This project implements a chatbot for customers using Retrieval-Augmented Generation (RAG). The chatbot allows users to ask questions about uploaded documents or general information by integrating FastAPI for the backend, Streamlit for the frontend, and LangChain for the RAG pipeline. The project also uses Docker for containerization and supports deployment on AWS EC2 with a CI/CD pipeline.
- Upload Documents: Admins can upload files (PDF, text, or images) to enhance the chatbot's knowledge base.
- Question Answering: Users can ask questions, and the chatbot retrieves relevant document chunks using Pinecone, generates embeddings using OpenAI, and provides context-aware answers.
- Streamlit UI: Interactive user and admin interfaces for uploading files and interacting with the chatbot.
- API-Based Backend: FastAPI endpoints for managing data and handling chatbot queries.
- Containerized Deployment: Dockerized services for backend and frontend.
- Clone the Repository
git clone [email protected]:umarsaeedcheema/ResolveAI.git
cd ResolveAI- Create a virtual environment
python3 -m venv rag-bot
source rag-bot/bin/activate # For Linux/macOS
rag-bot\Scripts\activate # For Windows- Install Required Packages
Go into app and streamlit_ui folders and run :
pip install -r requirements.txt- Setup API Keys
Copy .env.example to .env
cp .env.example .envAdd the following API Keys to the env
openai_api_key=your_openai_api_key_here
pinecone_api_key=your_pinecone_api_key_here
pinecone_environment=your_pinecone_environment_here
pinecone_index_name=your_pinecone_index_name_here- Run Locally
Backend:
uvicorn app:app --host 0.0.0.0 --port 8000 --reloadFrontend:
streamlit run streamlit_app/main.py- Run with Docker
Build and start the containers:
docker-compose up --build- Access the services:
-
Backend: http://localhost:8000
-
Frontend: http://localhost:8501
- Add Data
- Endpoint: POST /add_data
- Description: Uploads a file (PDF, text, or image) and adds its content to Pinecone after preprocessing and chunking.
- Query Chatbot
- Endpoint: POST /query
- Description: Accepts a user query, retrieves relevant content from Pinecone, and generates a response using OpenAI GPT.
project_root/
├── app/
│ ├── app.py # FastAPI app entry point
│ ├── config.py # Configuration (environment variables, API keys)

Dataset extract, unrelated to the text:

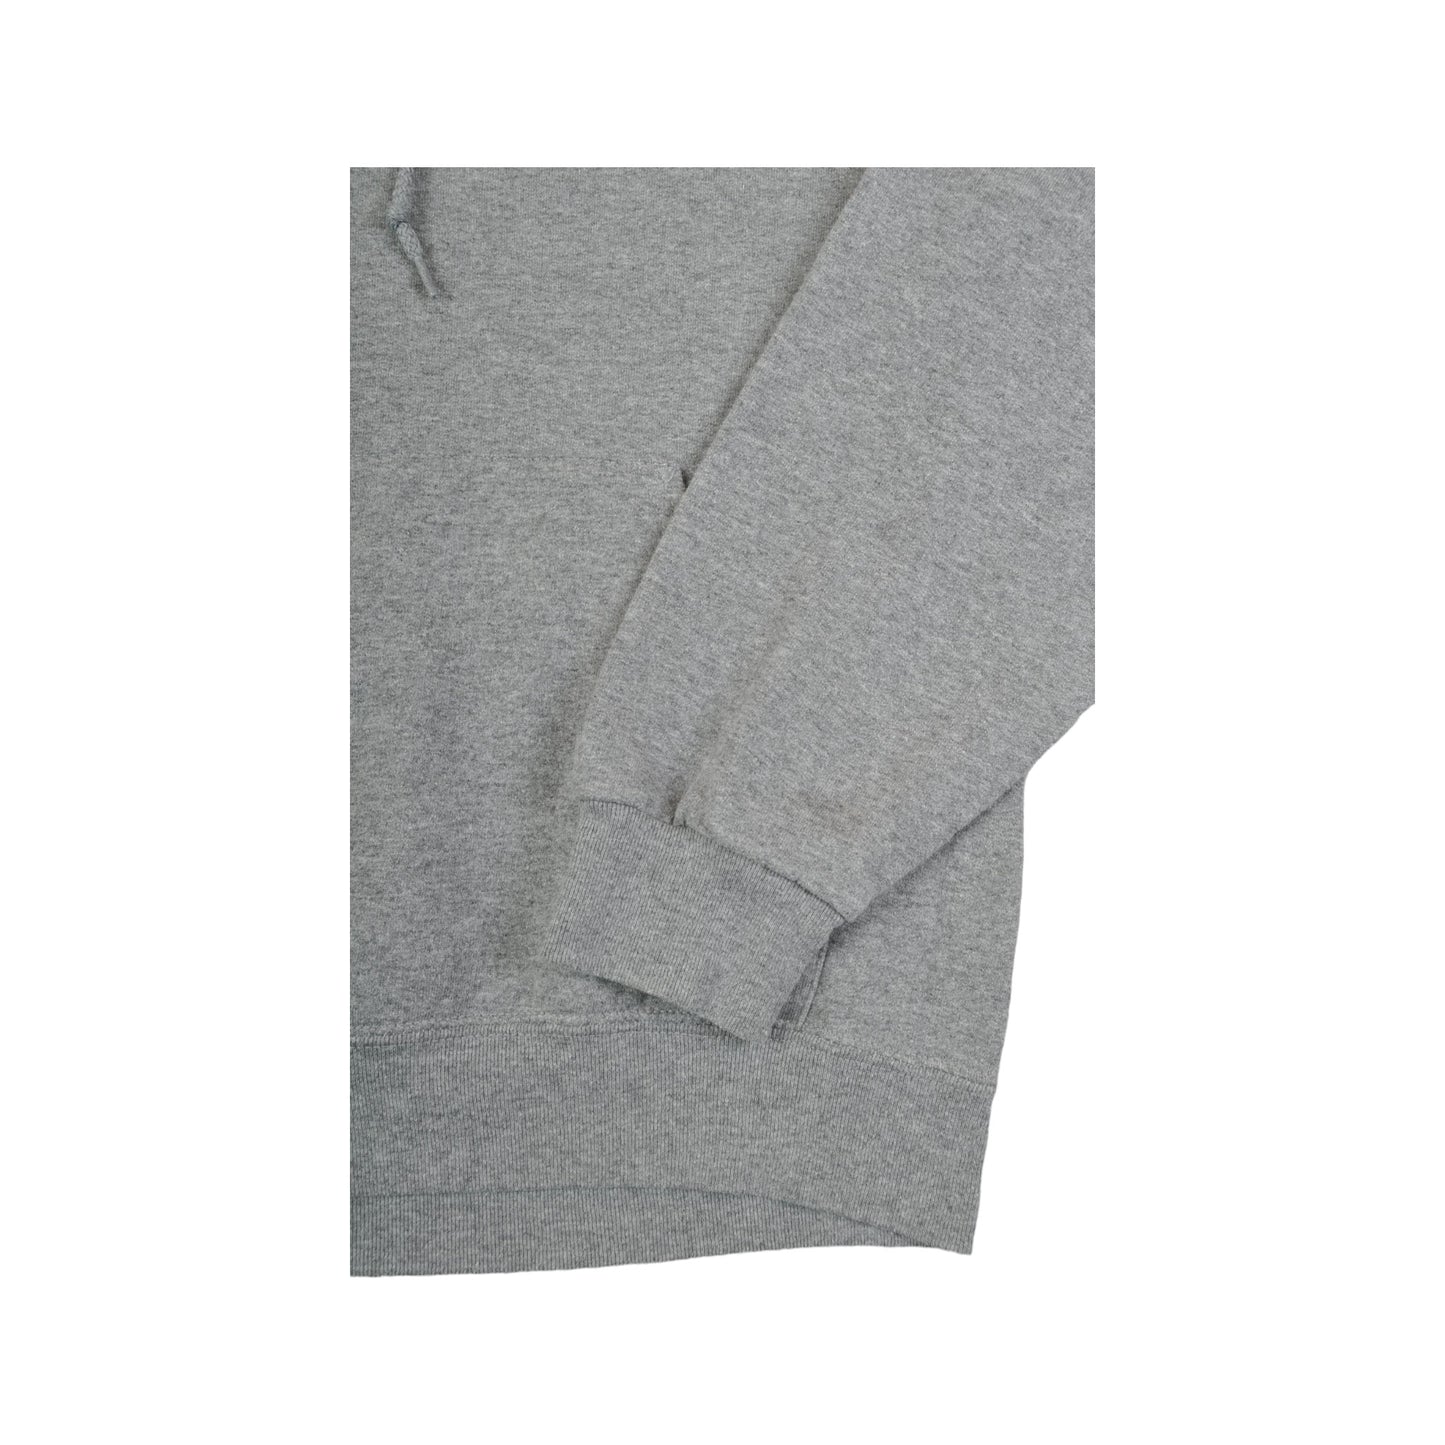 Vintage Douglas Macarthur Generals Hoodie Sweatshirt Grey Small
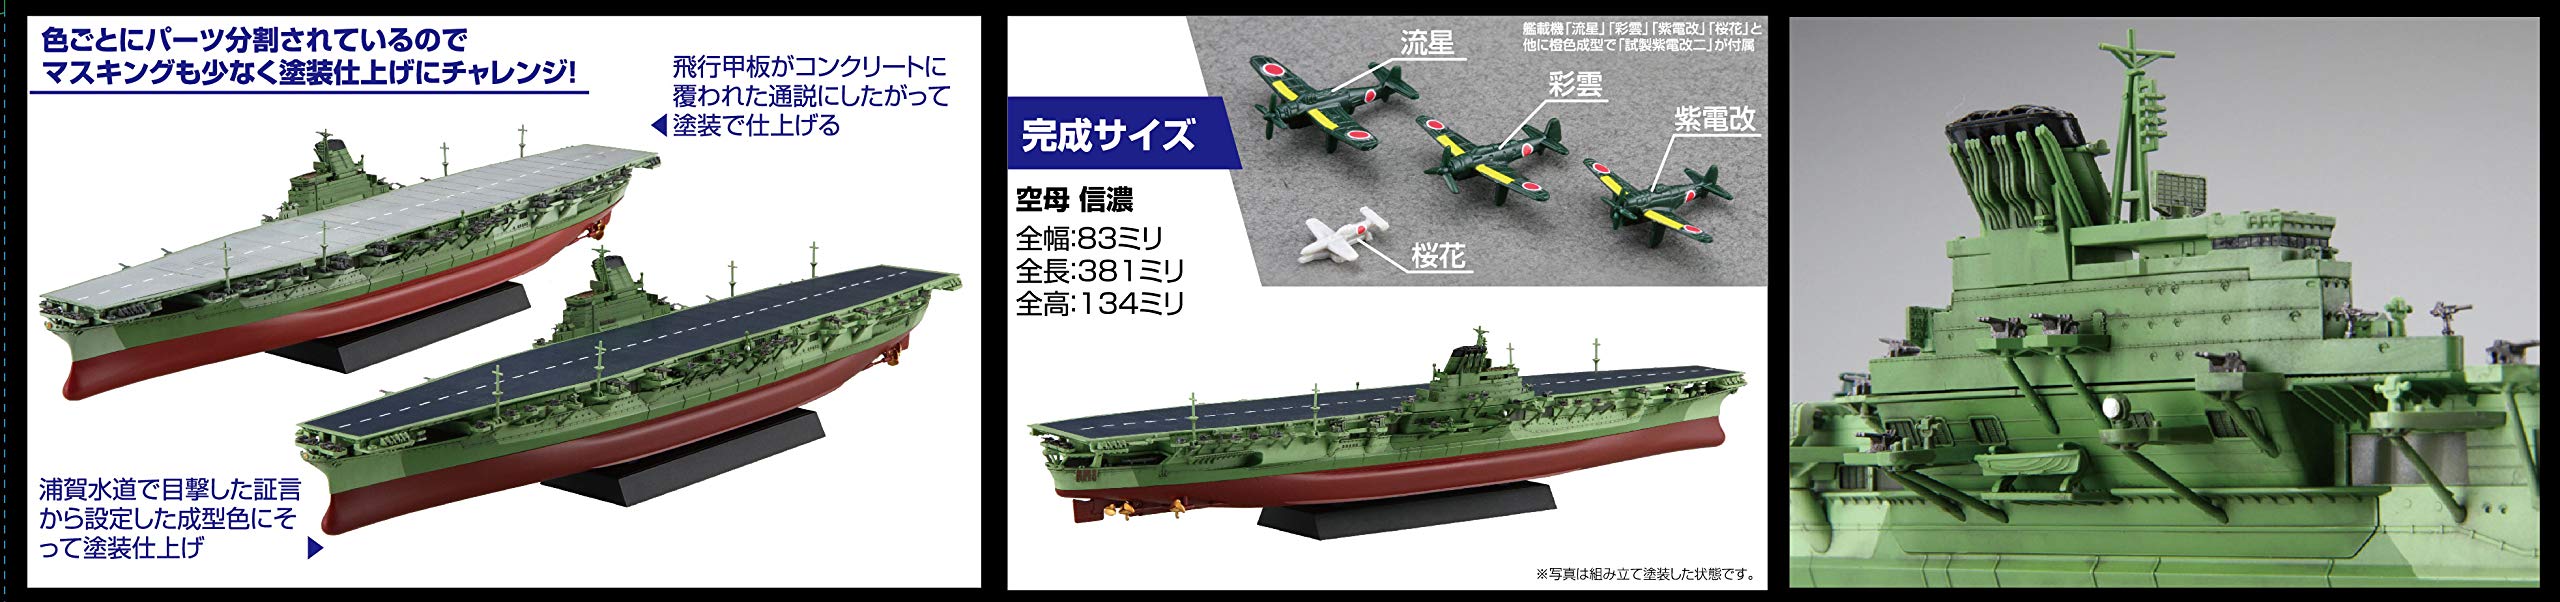 Fujimi Model 1/700 Ship Next Series No.8 Ex-2 Japanese Navy Aircraft Carrier Shinano (Concrete Deck) Ship Nx-8 Ex-2

│ ├── routes/ # API route files
│ │ ├── add_data.py # Endpoint for uploading and processing files
│ │ └── rag_workflow.py# Endpoint for query handling and RAG pipeline
│ └── logs/ # Logs for monitoring
│ └── Dockerfile # Dockerfile for backend
| └── requirements.txt # Python dependencies
├── streamlit_app/
│ ├── main.py # Streamlit user interface
│ └── Dockerfile # Dockerfile for frontend
| └── requirements.txt # Python dependencies
├── docker-compose.yml # Docker Compose configuration for multi-service setup
├── .env # Environment variables (API keys)
├── .gitignore # Ignore files for version control
└── README.md # Project documentation
-
Admins upload files (PDFs, text, or images) via the Streamlit admin page or POST /add_data endpoint.
-
Files are preprocessed, chunked, and stored in Pinecone with metadata.
-
Users enter queries via the Streamlit chatbot page or POST /query endpoint.
-
Pinecone retrieves relevant chunks, and OpenAI GPT generates a context-aware response.
- The Streamlit app interacts with the FastAPI backend using REST APIs.
-
Add support for more file types.
-
Enhance the admin interface with file management capabilities.